Over the past three decades, in the area of international finance, various theoretical models have been developed and tested to analyse exchange rate behaviour. The liberalisation and development of foreign exchange and assets markets, have led to the consideration of important variables such as capital flows, volatility in capital flows and forward premium along with central bank intervention in determining exchange rates. Furthermore, the micro level dynamics in foreign exchange markets has gained prominence due to rise in the trading volumes in these markets and the subsequent evolvement of the microstructure theory in determining exchange rates (Evans and Lyons, [1] [2] ).
The main objective of this study is to empirically assess the long-term relationship between the US dollar-Indian rupee exchange rate and economic variables of the flexible price monetary model of exchange rate to determine whether exchange rate movements are in line with economic fundamentals. Though there is ample research on modelling exchange rate for advanced countries, studies based on emerging countries are confined to a few recent studies. The study therefore focuses on studying the validity of the flexible price monetary model during a managed float exchange rate regime to answer the following two main research questions.
1. Is there a long-term relationship between exchange rate and variables of the monetary model in the Indian context?
2. Can the flexible price monetary model be used to predict exchange rate movements in the long run?
The organisation of the study is as follows: Section 2 provides an historical overview of the exchange rate regimes in India. A review of literature is conducted in Section 3. The theoretical framework is laid out in Section 4. Section 5 enumerates the data sources and methodology of the study. The findings of the analysis are discussed in Section 6 and the final section underlines the conclusions.
2. Overview of the Exchange Rate Regimes in India
In the post independence period, India’s exchange rate policy has undergone a paradigm shift from a par value system to a basket-peg and further to its current managed float exchange rate system. The Indian rupee which was linked with the pound sterling in the aftermath of the breakdown of the Bretton Woods System in 1971, began to be pegged to a basket of currencies from 1975 till the early 1990s to ensure stability of the exchange rate. Throughout the 1980s, the exchange rate was allowed to fluctuate in a wider margin and to depreciate modestly. However, in the wake of the balance of payment crisis in 1991 and the increasing current account deficit, the Indian economy initiated a number of economic measures to instill confidence in the investors and to improve domestic competitiveness. To offset the substantial draw down in the foreign exchange reserves, the Reserve Bank of India (RBI) had to devalue the Rupee in two stages on July 1 and July 3, 1991 which led to the beginning of a new dual exchange rate regime known as Liberalized Exchange Rate Management System (LERMS). The new regime was implemented from March 1992. Subsequently, the dual exchange rate system LERMS was replaced by a unified exchange rate ushering in an era of market determined exchange rate since March 1993. Reserve Bank of India continued to intervene in the foreign excess market to address instances of volatility making exchange rate regime to be a managed floating exchange rate system. However, going forward, on a more cautious note it may be noted that with India getting increasingly integrated with the world economy and advancing towards full capital account convertibility, the management of volatility is likely to be challenging requiring strategic liquidity management to mitigate the associated risks.
3. Review of Literature
The switch to floating exchange rates in the 1970s resulted in a wealth of theoretical literature to explain the high volatility in exchange rates. Prior to the 1970s, in an era of fixed exchange rate regimes, many countries adopted the purchasing power parity model (PPP) to study exchange rate behavior. However, in the early 1970s, with the collapse of the fixed exchange rate systems, monetary models of exchange rate determination became popular in modelling exchange rate behavior especially with many of the industrialized economies adopting the floating exchange rate regimes. This section selectively examines some of the most influential structural models that have been developed to model exchange rate behavior.

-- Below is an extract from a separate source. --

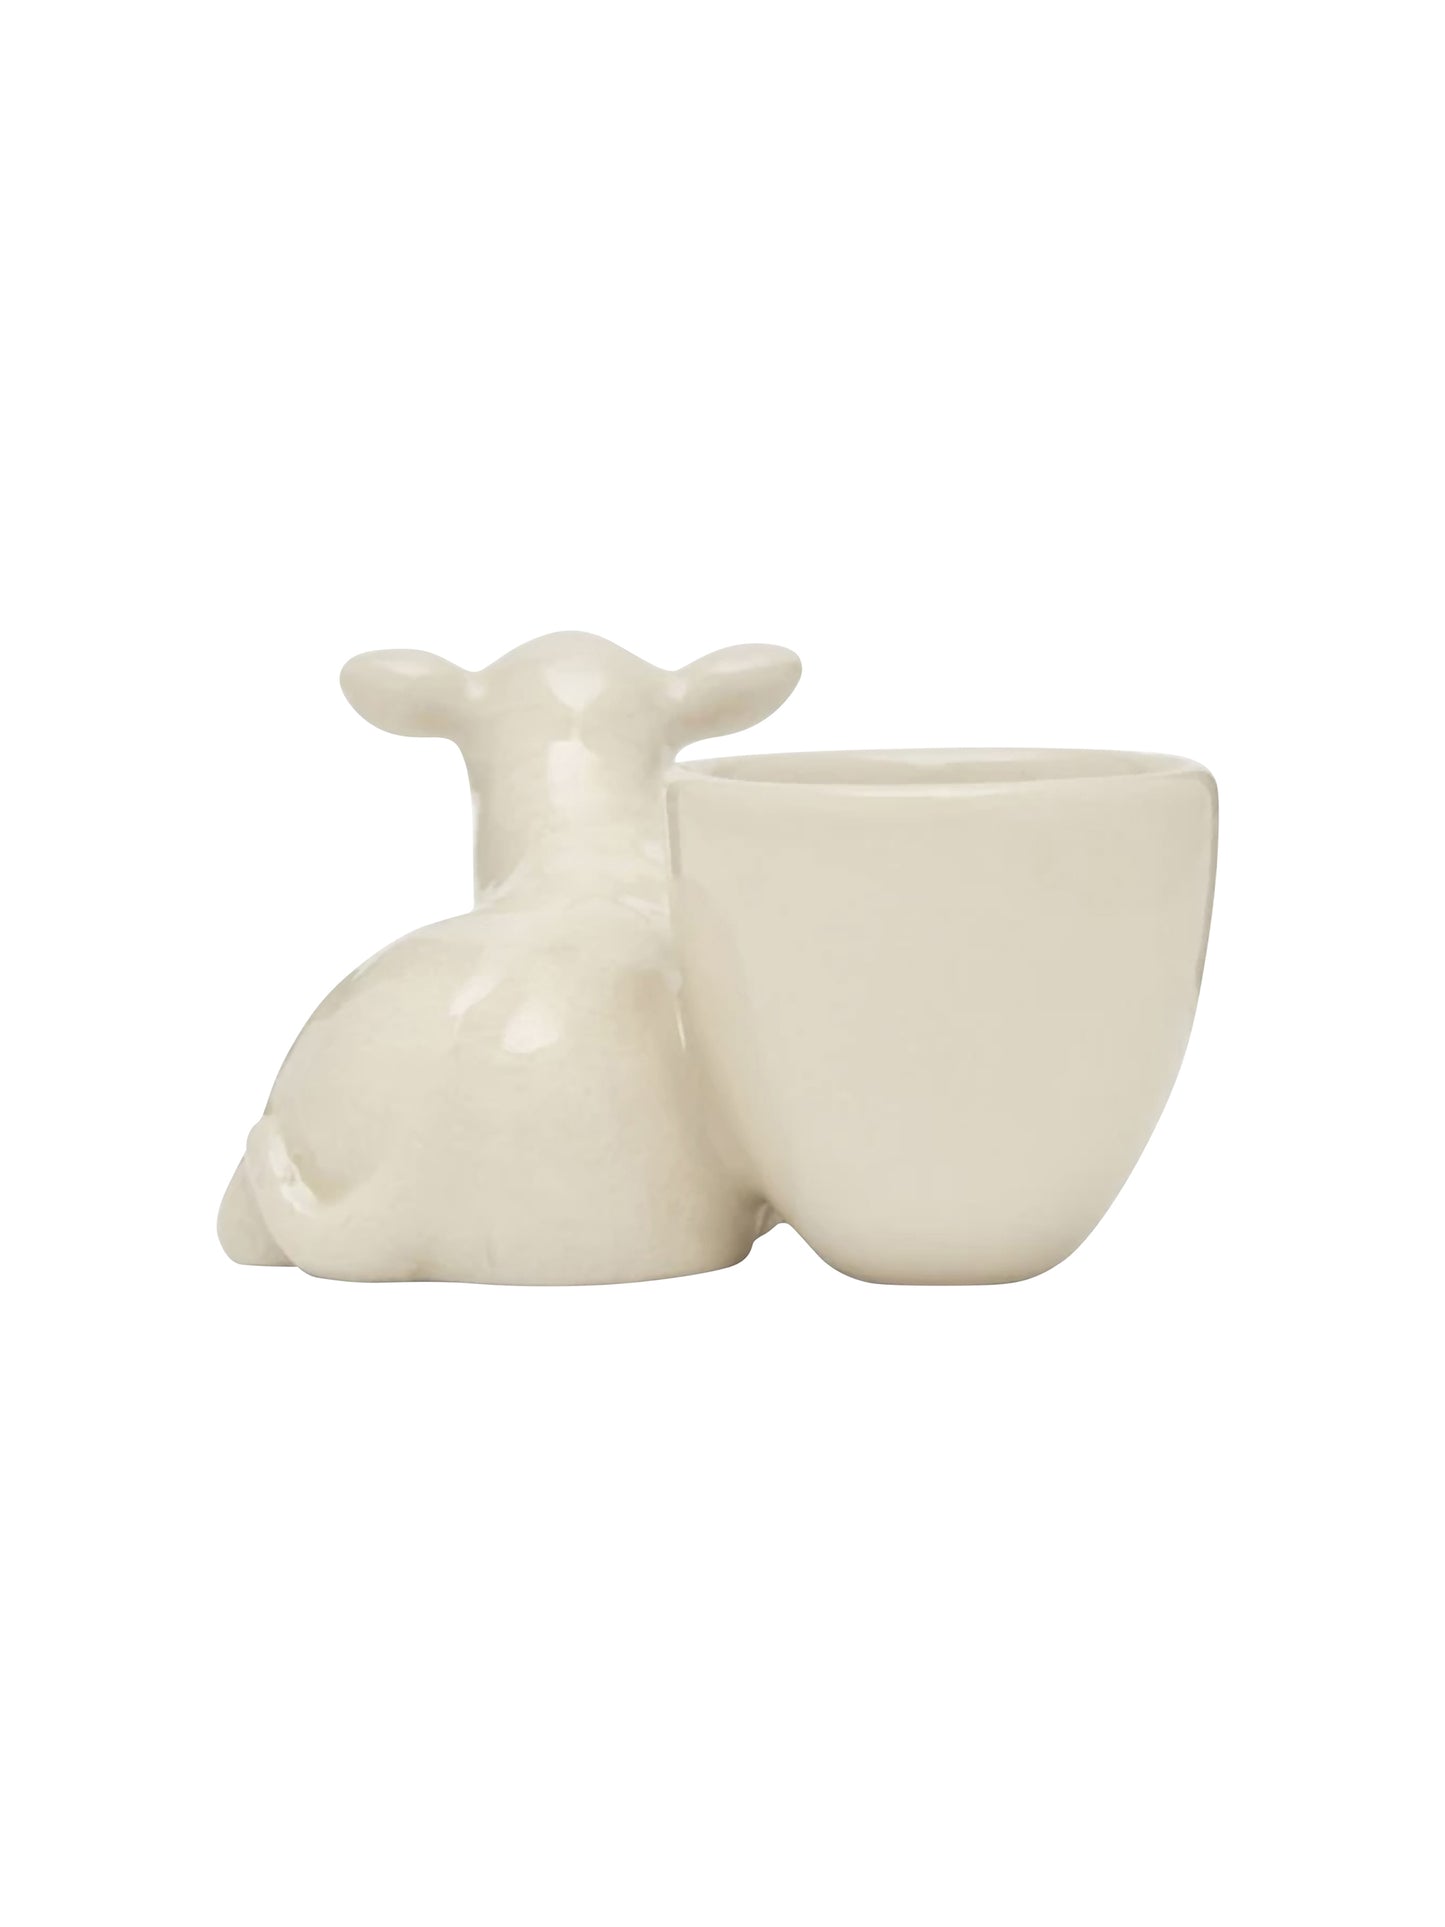 Quail Ceramics Lamb with Egg Cups Weston Table

In the monetary model, it is the money supply in both domestic and foreign countries as opposed to money demand function that determines the exchange rate. Monetary models are the offsprings of the Mundell-Fleming type of models. Several versions of the monetary model have been put forth and prominent among them are Frenkel’s [3] flexible price model and the sticky price model developed by Dornbusch [4] . The main underlying assumption of the flexible price model is that prices are perfectly flexible, so that changes in domestic money supply would bring about changes in the domestic price level, as a result of which the domestic currency may appreciate or depreciate as the situation may warrant, to discretely equalise the prices in the two countries. A significant inference from this model is that the PPP holds both in short run and the long-run. This implication came under criticism and the sticky price model was developed by Dornbusch [4] by relaxing the assumption of short-term PPP while holding the long-term PPP assumption and considered price rigidities in modelling exchange rate.
Over the last four decades, the empirical performance of the monetary models has shown mixed results. The academic interest in monetary models began to fade with the seminal work of Meese and Rogoff [5] , who concluded that naïve random-walk model outperform out-sample forecast performance of any monetary model at one to twelve month horizons for three major bilateral rates, i.e., the dollar/pound, dollar/mark, dollar/yen and trade weighted dollar exchange rates. On the contrary, some studies such as Mark and Sul [6] who studied the long-run relationship between nominal exchange rates and monetary fundamentals and ability of monetary model in predicting exchange rate found that the nominal exchange rate is cointegrated with monetary fundamentals and that the monetary fundamentals contain significant predictive power for future exchange rate movements. Zhang, Lowinger and Tang [7] too tested the monetary model to examine the long-run relationship as well as short run dynamics for US dollar against Canadian dollar, Japanese yen and British pound and found the existence of a long run relationship between exchange rate and monetary model variables.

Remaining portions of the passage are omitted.